■ What is needed
Copy down the listing below exactly. Do not include pictures.

■ Data shown
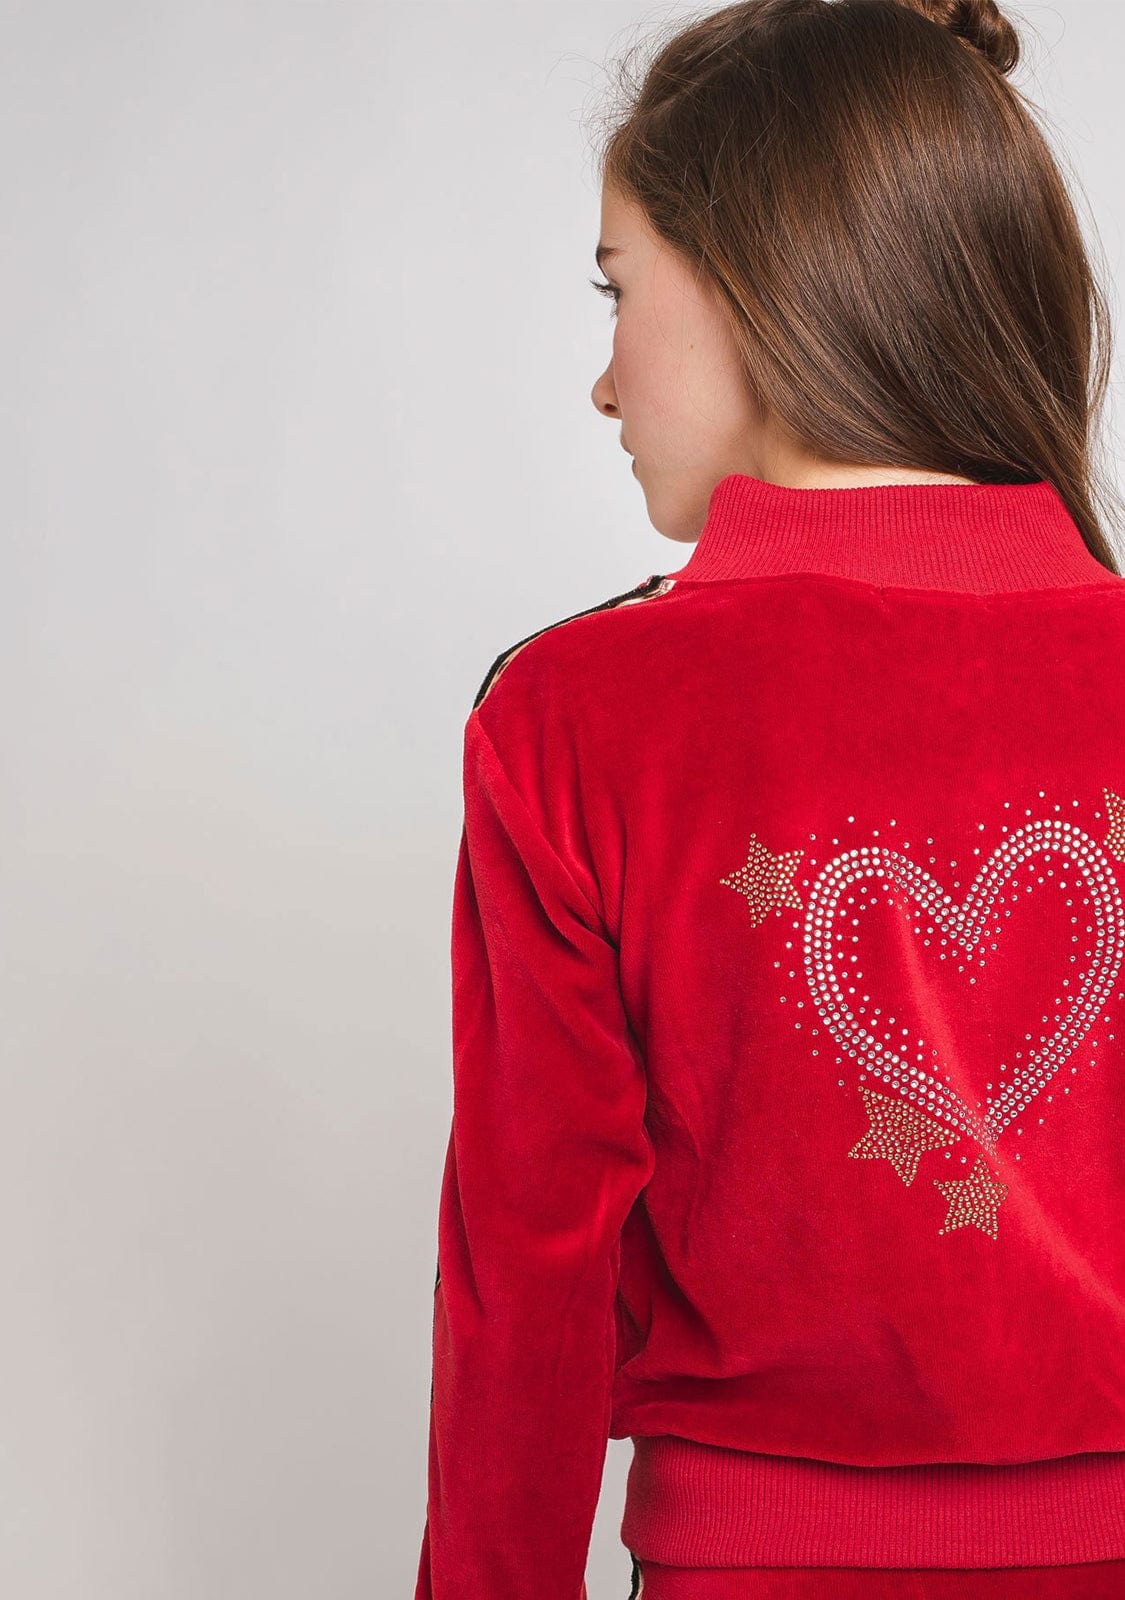 CONGUITOS TEXTIL Clothing Girl's Red Velvet Tracksuit Jacket
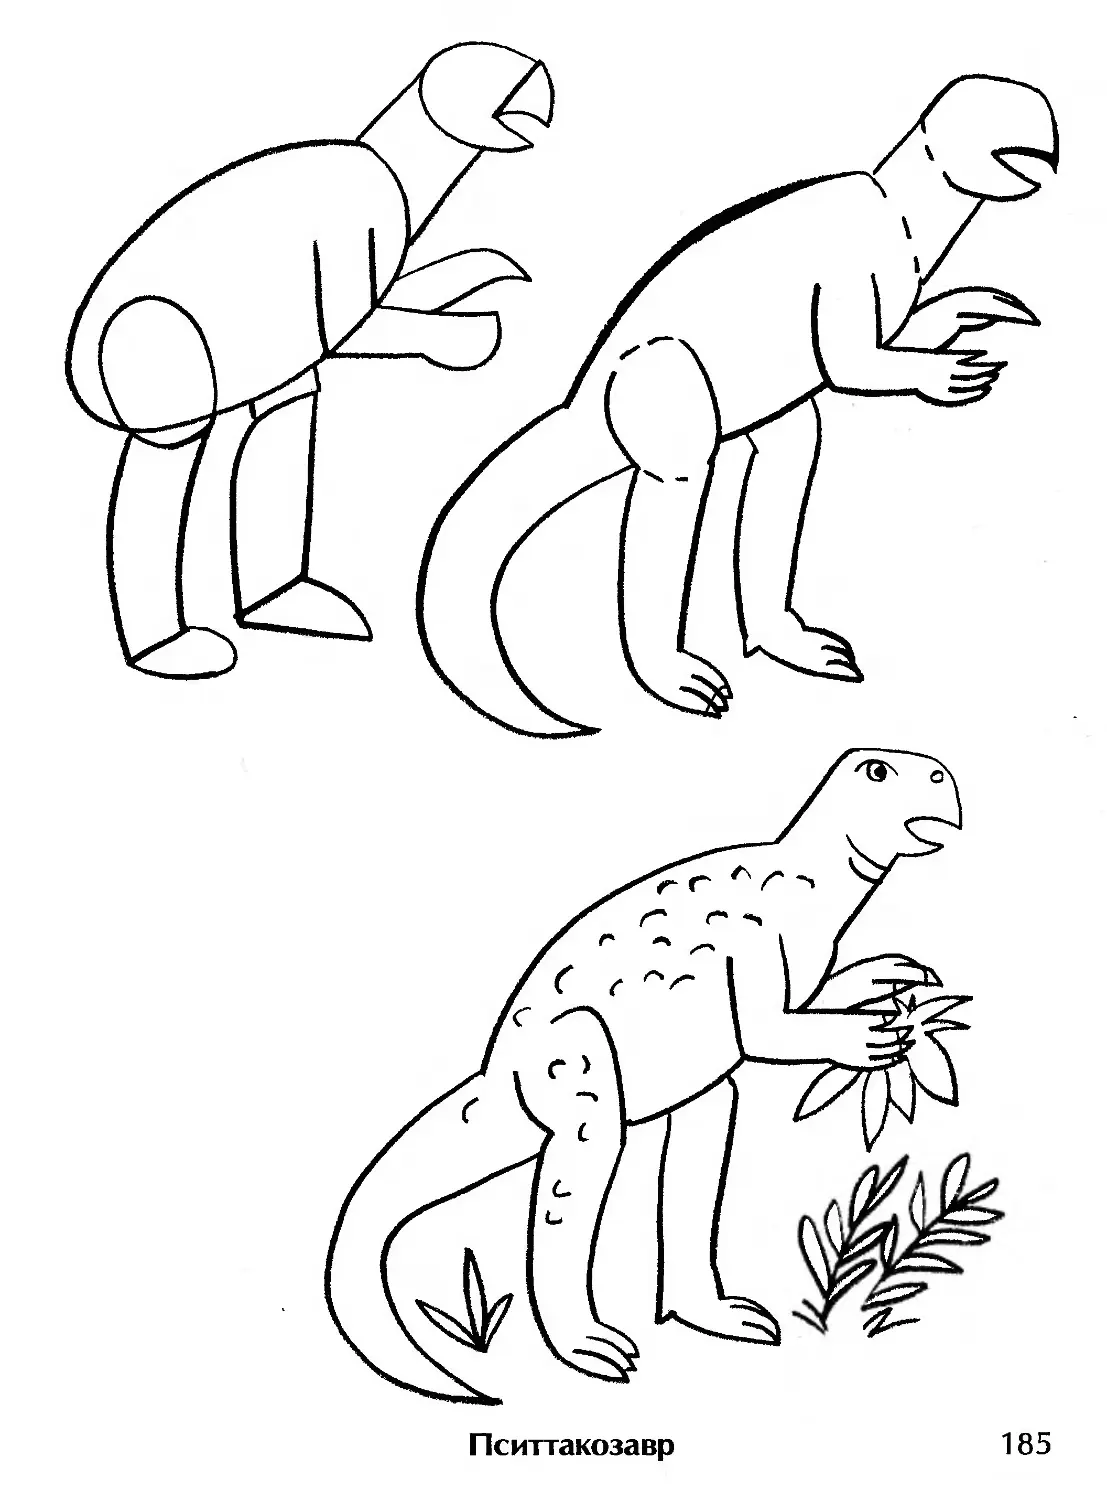 Пситтакозавр раскраска
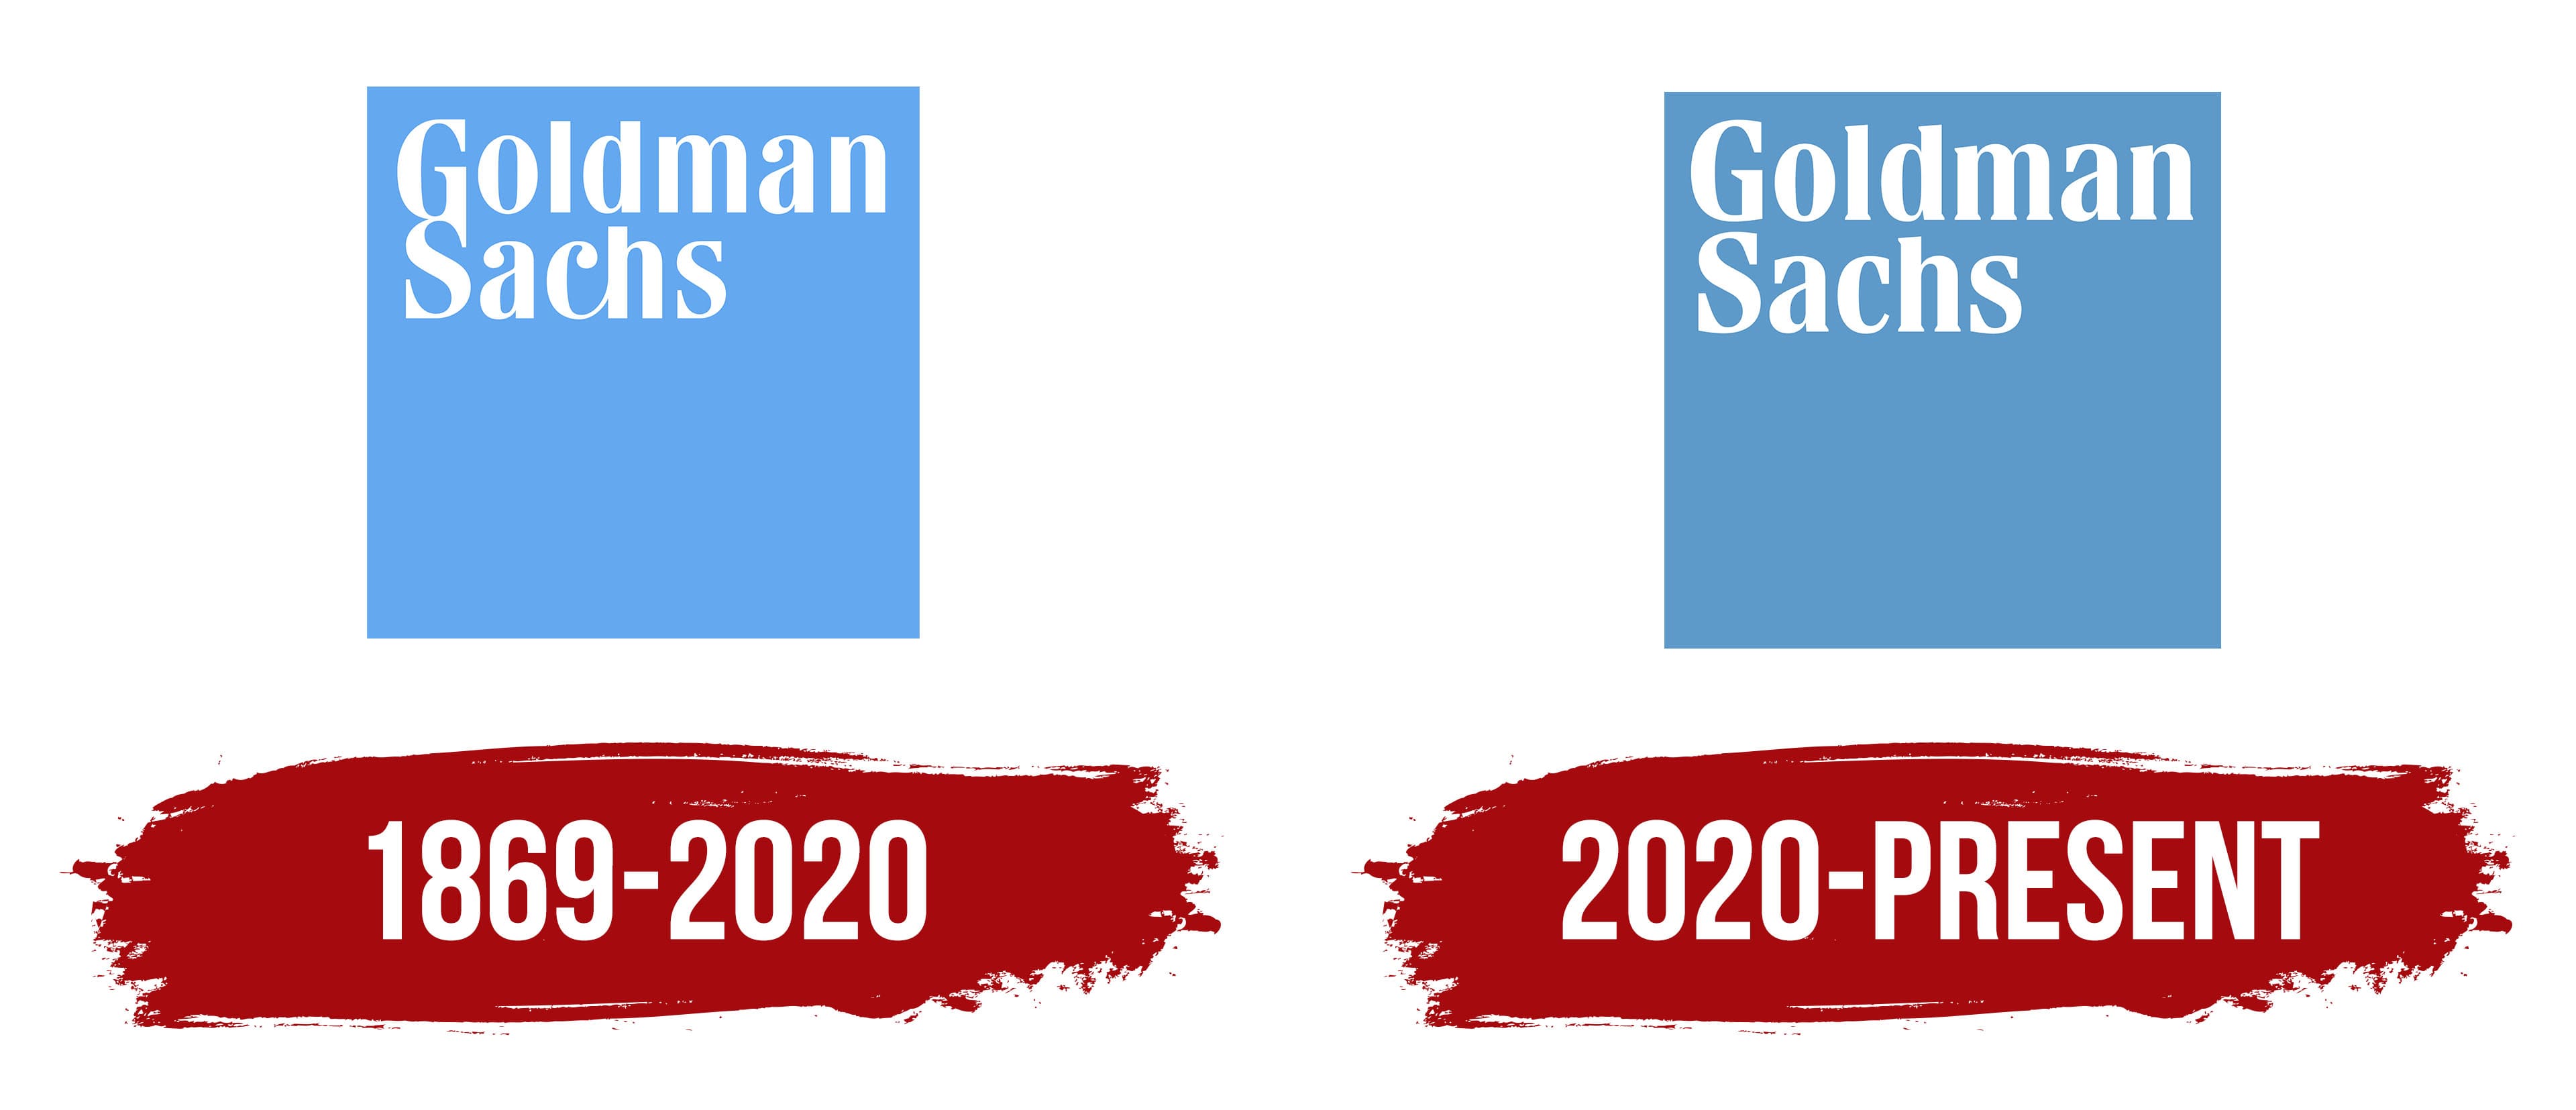 goldman sachs logo color
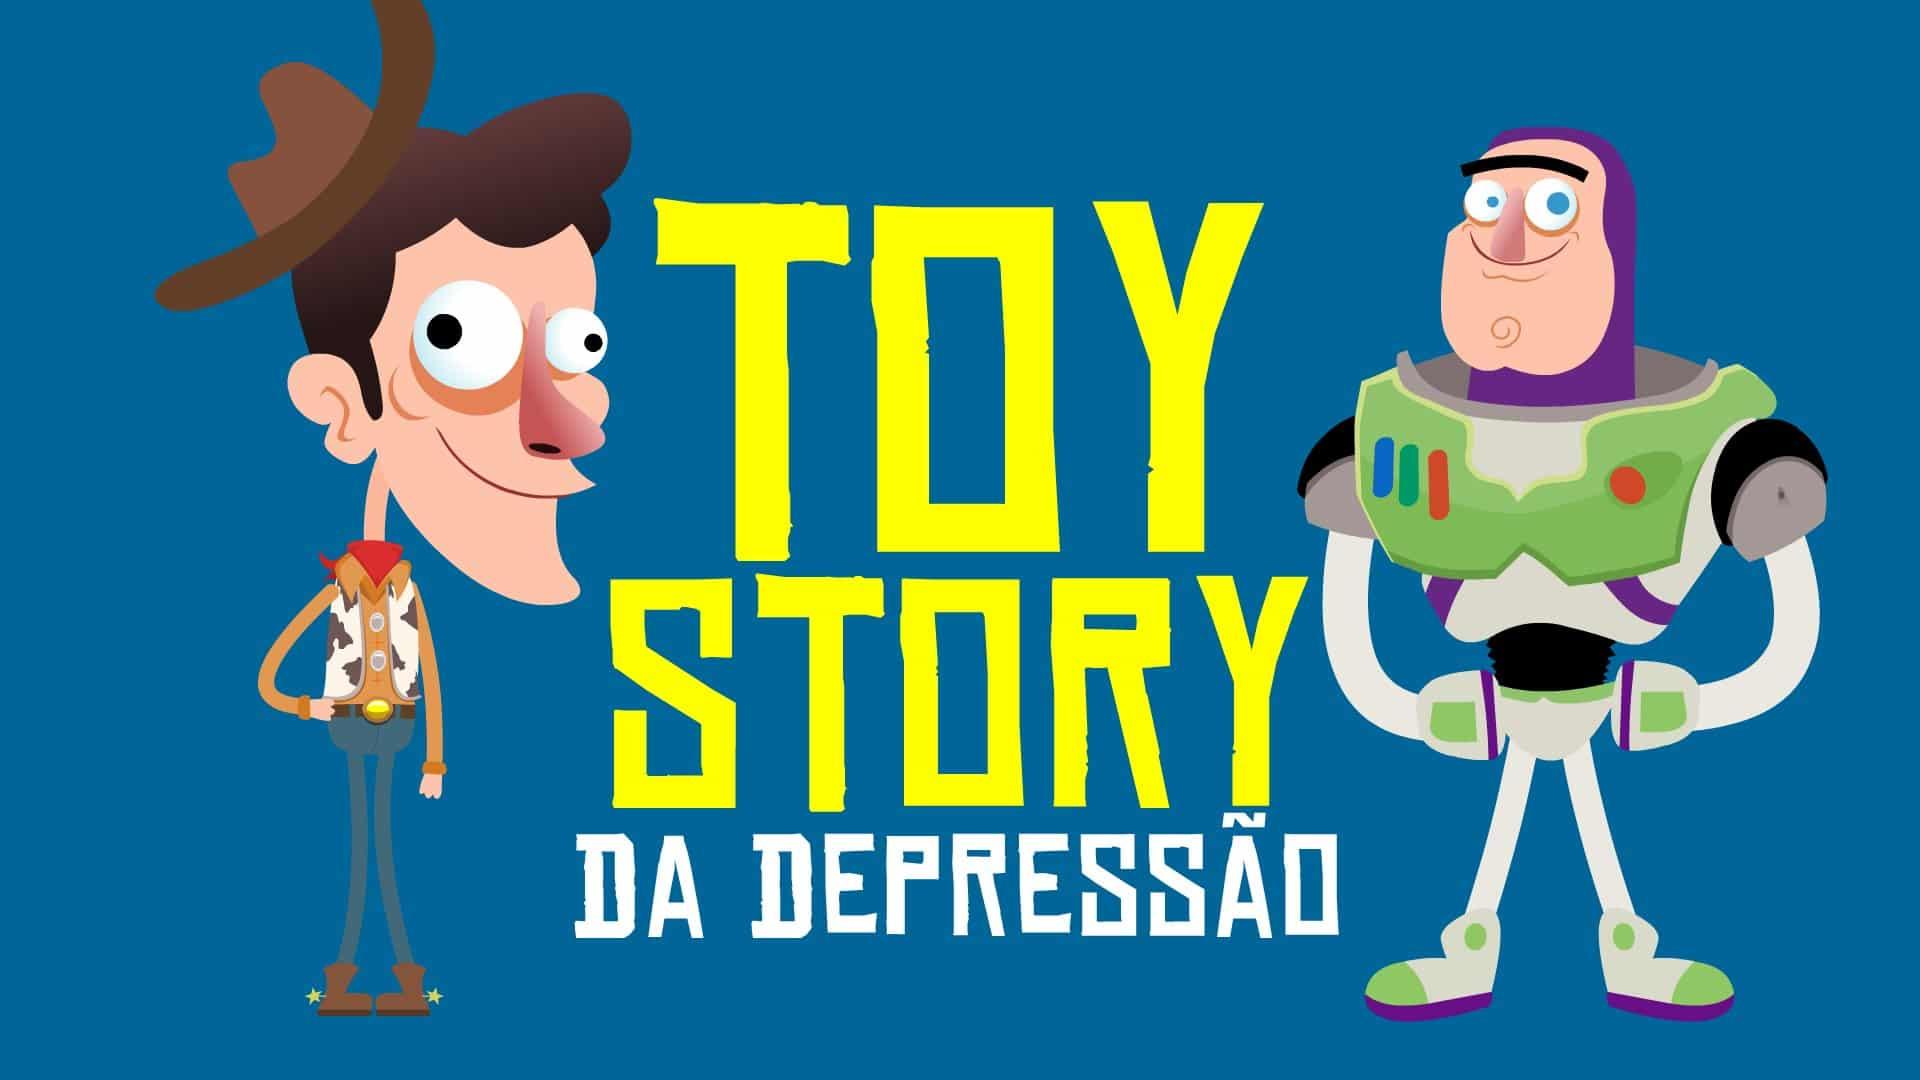 toy story da depressao

■ Response area
 CONGUITOS TEXTIL Clothing Girl's Red Velvet Tracksuit Jacket
 Пситтакозавр раскраска
 goldman sachs logo color
 toy story da depressao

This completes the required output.